▸ **To do**: Could you reproduce, from the records below, everything from the line with "Spring Break Squad" down to the line with "Confettis joyeux anniversaire bleu océan", keeping both of those lines and changing nothing?

(Dataset records begins)

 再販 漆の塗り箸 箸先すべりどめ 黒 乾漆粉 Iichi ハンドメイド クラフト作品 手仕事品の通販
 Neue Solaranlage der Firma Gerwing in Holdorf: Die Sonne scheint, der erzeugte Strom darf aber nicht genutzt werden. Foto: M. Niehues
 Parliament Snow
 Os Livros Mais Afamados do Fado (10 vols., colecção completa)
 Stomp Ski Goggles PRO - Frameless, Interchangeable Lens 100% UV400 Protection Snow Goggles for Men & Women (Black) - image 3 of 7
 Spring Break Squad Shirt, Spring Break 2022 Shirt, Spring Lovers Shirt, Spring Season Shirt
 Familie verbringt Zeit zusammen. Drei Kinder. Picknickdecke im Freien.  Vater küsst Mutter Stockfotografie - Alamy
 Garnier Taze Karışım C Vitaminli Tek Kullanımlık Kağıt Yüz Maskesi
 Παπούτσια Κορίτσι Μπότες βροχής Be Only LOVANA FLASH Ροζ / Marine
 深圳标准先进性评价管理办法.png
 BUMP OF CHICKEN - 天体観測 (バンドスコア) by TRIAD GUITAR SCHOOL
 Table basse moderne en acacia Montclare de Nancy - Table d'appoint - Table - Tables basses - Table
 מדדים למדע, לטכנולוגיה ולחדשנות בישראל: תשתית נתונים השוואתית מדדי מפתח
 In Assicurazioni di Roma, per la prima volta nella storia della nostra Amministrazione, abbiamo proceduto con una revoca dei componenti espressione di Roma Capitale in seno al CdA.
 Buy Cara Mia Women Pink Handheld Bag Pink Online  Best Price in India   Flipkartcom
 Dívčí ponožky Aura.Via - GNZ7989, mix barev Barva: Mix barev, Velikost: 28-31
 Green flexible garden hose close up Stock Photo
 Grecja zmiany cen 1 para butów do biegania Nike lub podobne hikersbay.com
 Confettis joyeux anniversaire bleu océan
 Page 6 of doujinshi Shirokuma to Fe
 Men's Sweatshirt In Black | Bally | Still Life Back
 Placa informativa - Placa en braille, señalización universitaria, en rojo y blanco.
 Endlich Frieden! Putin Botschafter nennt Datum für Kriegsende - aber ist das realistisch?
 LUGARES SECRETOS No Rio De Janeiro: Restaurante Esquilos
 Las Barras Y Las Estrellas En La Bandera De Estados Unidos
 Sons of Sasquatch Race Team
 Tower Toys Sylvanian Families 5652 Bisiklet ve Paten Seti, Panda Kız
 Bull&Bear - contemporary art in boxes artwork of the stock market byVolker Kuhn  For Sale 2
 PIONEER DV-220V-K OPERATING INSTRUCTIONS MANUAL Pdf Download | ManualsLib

(Dataset records ends)

▸ **Answer to this task**:
 Spring Break Squad Shirt, Spring Break 2022 Shirt, Spring Lovers Shirt, Spring Season Shirt
 Familie verbringt Zeit zusammen. Drei Kinder. Picknickdecke im Freien.  Vater küsst Mutter Stockfotografie - Alamy
 Garnier Taze Karışım C Vitaminli Tek Kullanımlık Kağıt Yüz Maskesi
 Παπούτσια Κορίτσι Μπότες βροχής Be Only LOVANA FLASH Ροζ / Marine
 深圳标准先进性评价管理办法.png
 BUMP OF CHICKEN - 天体観測 (バンドスコア) by TRIAD GUITAR SCHOOL
 Table basse moderne en acacia Montclare de Nancy - Table d'appoint - Table - Tables basses - Table
 מדדים למדע, לטכנולוגיה ולחדשנות בישראל: תשתית נתונים השוואתית מדדי מפתח
 In Assicurazioni di Roma, per la prima volta nella storia della nostra Amministrazione, abbiamo proceduto con una revoca dei componenti espressione di Roma Capitale in seno al CdA.
 Buy Cara Mia Women Pink Handheld Bag Pink Online  Best Price in India   Flipkartcom
 Dívčí ponožky Aura.Via - GNZ7989, mix barev Barva: Mix barev, Velikost: 28-31
 Green flexible garden hose close up Stock Photo
 Grecja zmiany cen 1 para butów do biegania Nike lub podobne hikersbay.com
 Confettis joyeux anniversaire bleu océan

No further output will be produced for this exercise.